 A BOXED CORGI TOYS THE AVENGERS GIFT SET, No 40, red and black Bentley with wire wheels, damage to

* * *

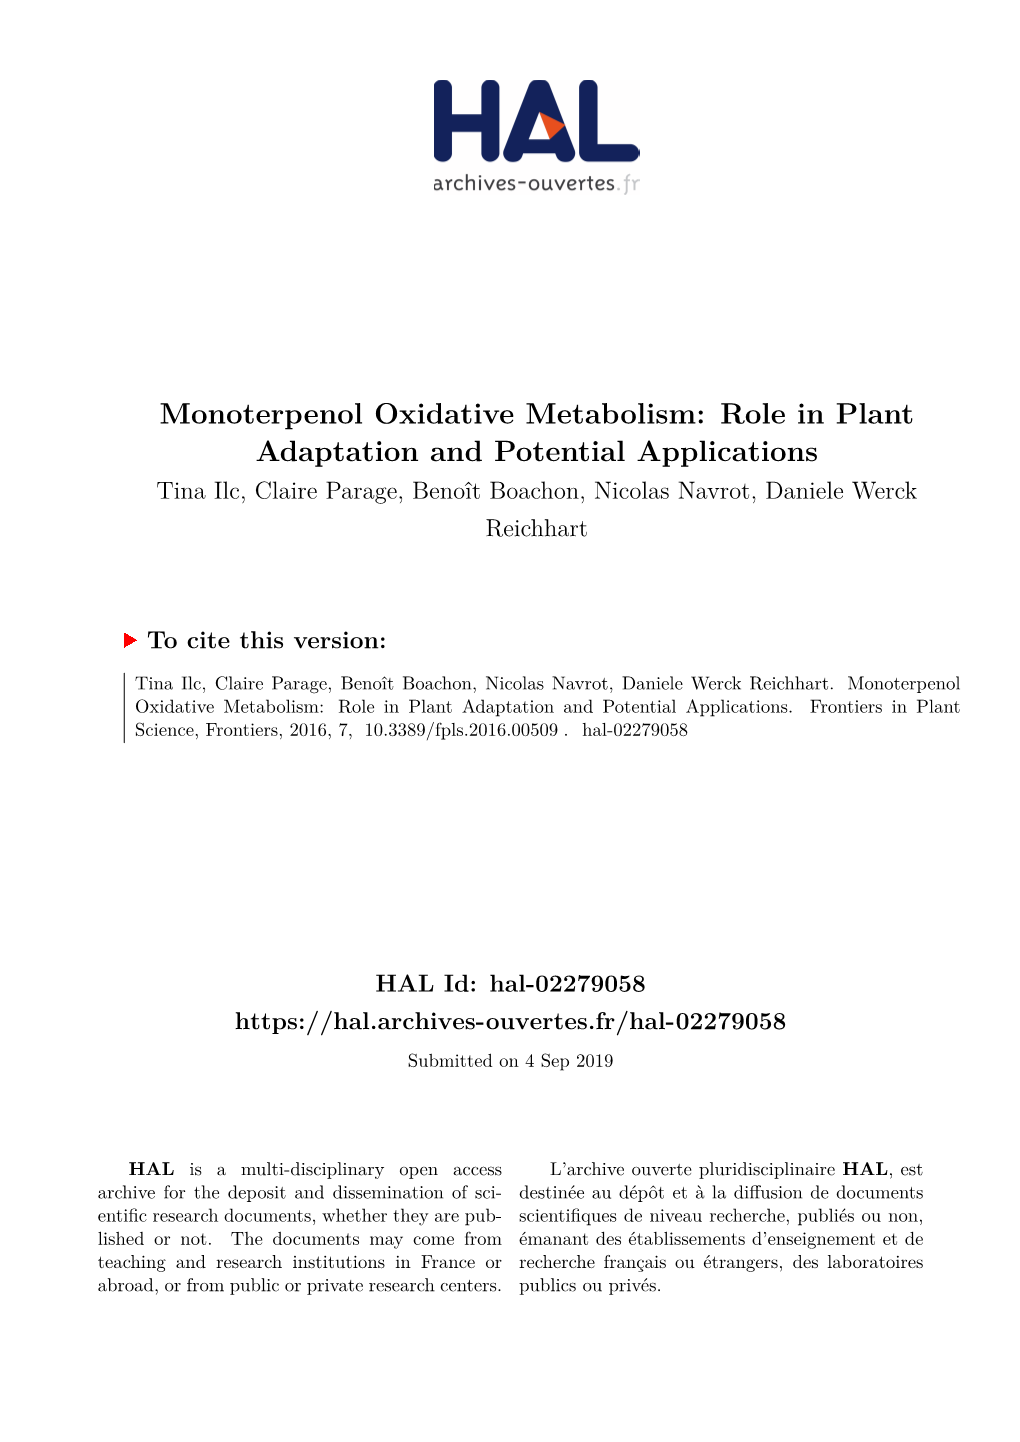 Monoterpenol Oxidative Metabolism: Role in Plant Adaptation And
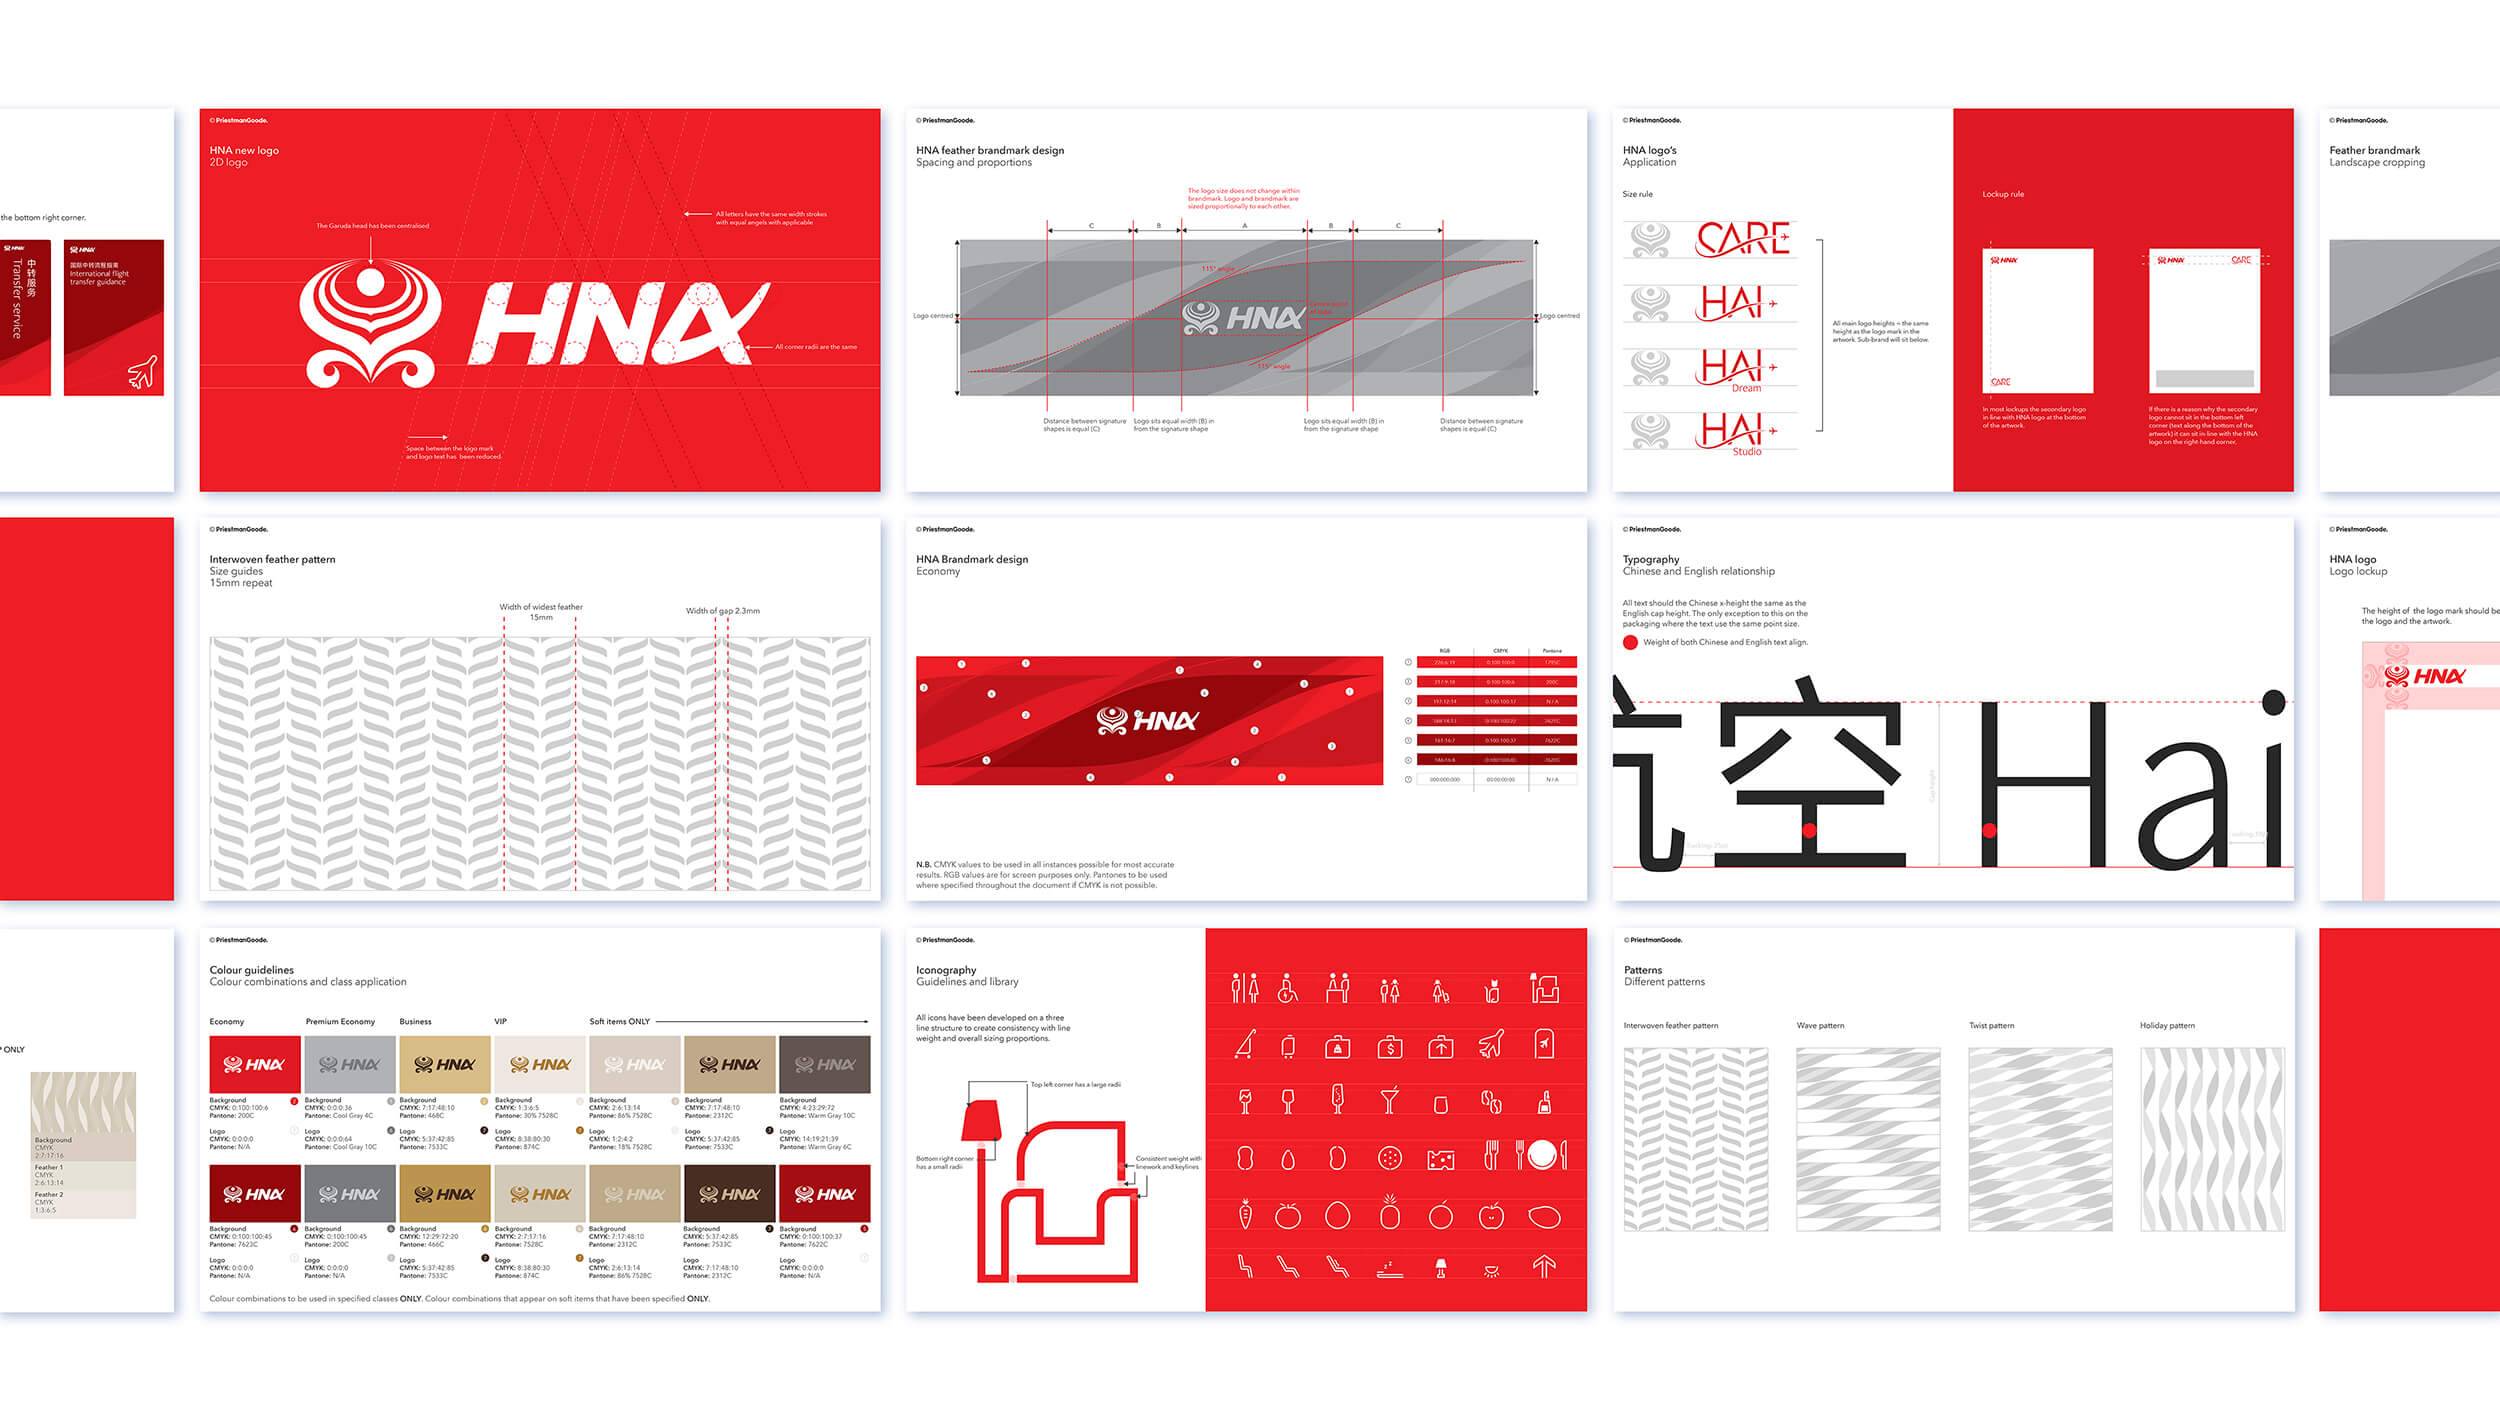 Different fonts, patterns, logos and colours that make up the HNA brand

◆ Instructions for the task
Using the data above, output the line that has "Monoterpenol Oxidative Metabolism: Role", the line that has "Different fonts, patterns, logos", and whatever lines fall between, each exactly as it stands and without pictures.

◆ Written solution
 Monoterpenol Oxidative Metabolism: Role in Plant Adaptation And
 Different fonts, patterns, logos and colours that make up the HNA brand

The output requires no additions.